Monitoring Tools for LLVM Development
=====================================

These tools are not meant to be used for development or testing, but to be
left running on a server or desktop as monitoring for your buildbots. They
are also meant to be used in conjunction, not as a replacement, to Nagios
and other hardware-level monitoring tools.

Currently we only have one: bot-monitor, which I keep running on Linaro's
public server (people.linaro.org) and keep it as a bookmark to quickly check
the bot status. It's also a helpful bookmark for all bots we care.

JSON Documentation
------------------

The JSON file should be self-explanatory, but just in case, here's a few
of the behaviours it exhibits when rendered by the current version of the
bot-monitor.

The base structure is a list of masters, which has a few properties and a list
of builder groups, which in turn also have some properties and a list of slaves.

Master properties:

    "name": "Name of the master, which will appear in bold big letters",
    "base_url": "http://SERVER:PORT/BASE",
    "builder_url": "part of the URL that refers to the list of builders",
    "build_url": "part of the URL that refers to the list of builds",
    "ignore" : "true | false, shows or hide the entire master from the page"
    "builders": [ ... ]

Builder properties:

    "name": "Name of this group (fast bots, self-hosting, etc)",
    "ignore" : "true | false, shows or hide the entire builder from the page"
    "bots": [ ... ]

Bots properties:

    "name": "Exact name of the buildbot (becomes part of the URL)",
    "ignore": "true | false, to ignore or not failures in this bot"

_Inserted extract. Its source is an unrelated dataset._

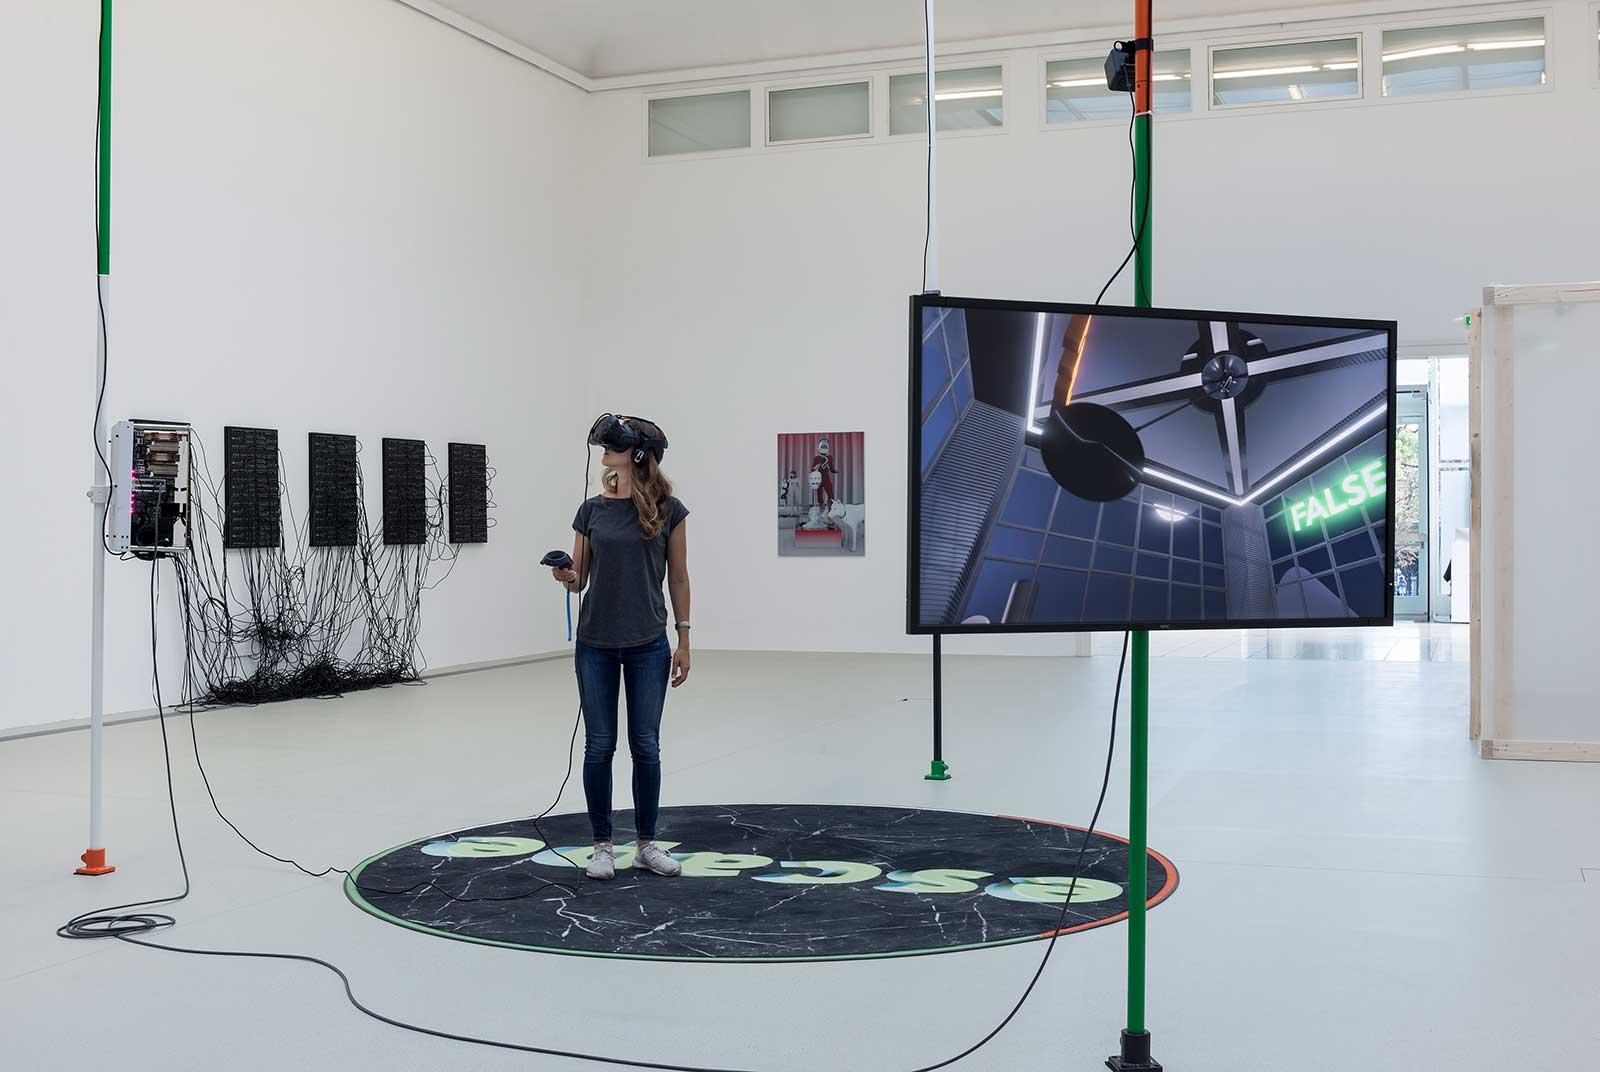 Palo Alto, VR-Installation, KM, 2018

Note that "ignore" has two different behaviour:

 * On masters and builders, it omits the entire class from the output
 * On bots, it still shows them, but ignores their status

Note on bots:

  * You can repeat bots across builders, if they belong to multiple classes, for
    example "self-hosting" and "test-suite". The script will cache the results
    and simply re-print them, so this is *only* for visualisation / organisation
    purposes.
  * Using the same bot name on different masters means *different* bots. It may
    be the same configuration on two different masters, or it may be completely
    different bots. Beware.


HTML Page
---------

For now, there's only HTML output, but there's nothing stopping we to develop
more forms of communication (email, IRC bots, etc).

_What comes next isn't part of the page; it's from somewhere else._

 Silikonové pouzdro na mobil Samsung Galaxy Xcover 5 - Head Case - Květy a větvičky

The HTML page is separated into blocks: Masters, Builder Groups, Bots. It also
has a date on the top, to make sure you're looking at an up-to-date page, and
it changes the page icon from green to red if at least one (non-ignored) bot
is broken.

Bots offline are considered broken, as they may require attention. But when the
admin restarts the master, that kills all buildslaves, and this show up as
"slave lost". You don't need to do anything, just wait for the next successful
build.

Each buildbot has four columns:

 * Name & link: The bot name with a link to its page on its master. Good for
   easy access to buildbots and masters.
 * Status: Can only be "PASS" or "FAIL", but contains additional information
   if it fails, ex. "slave lost" or "build stage 1" or "test-suite". These are
   the name of the stages that failed.
 * Build number: The build number, to help identify if there is a change from
   a specific number. Not very useful, but there just for reference.
 * Commit range: The range of commits that were tested on that build. This is
   very helpful to identify if a slow bot is failing because it hasn't yet
   reached the commit range on a fast bot that is passing, or not.


LLVM Masters
------------

There are a number of masters in the LLVM upstream infrastructure, and we may
need to monitor bots in all of those, or switch between them, depending on the
need.

* LLVM Upstream main master: http://lab.llvm.org:8011/

This is the main master that spams everyone every time one of the bots break.
Unless there is any specific concern, bots should be in this master.

* LLVM Upstream silent master: http://lab.llvm.org:8014/

Exactly the same as above, but no emails are sent. This master is usually empty
except for the bots that may be noise temporarily, in active development, or
being a bot that doesn't track compiler regressions, but performance regressions
which is monitored on another page (http://llvm.org/perf/)

* LLVM Japan master: http://bb.pgr.jp/

A side master built by Nakamura Takumi with some x86 and x86_64 buildbots. We
rarely need to monitor anything there, but it's good to know it's there.

* Linaro Downstream master: http://buildmaster.tcwglab.linaro.org/

Our local master, that we use for development. Individual developers can have
their own containers, in which case, the masters will be in different ports.

These bots should always be ignored for their global status, or we'll generate
a lot of noise to ourselves. Unless, of course, they're in their way upstream
and going through staging deployment.

* Green Dragon bots: http://lab.llvm.org:8080/green/

This is not a buildbot master, but Jenkins. We don't monitor those in our page
but they do have IRC bots in the #llvm channel and are already quite good at
displaying success and failures.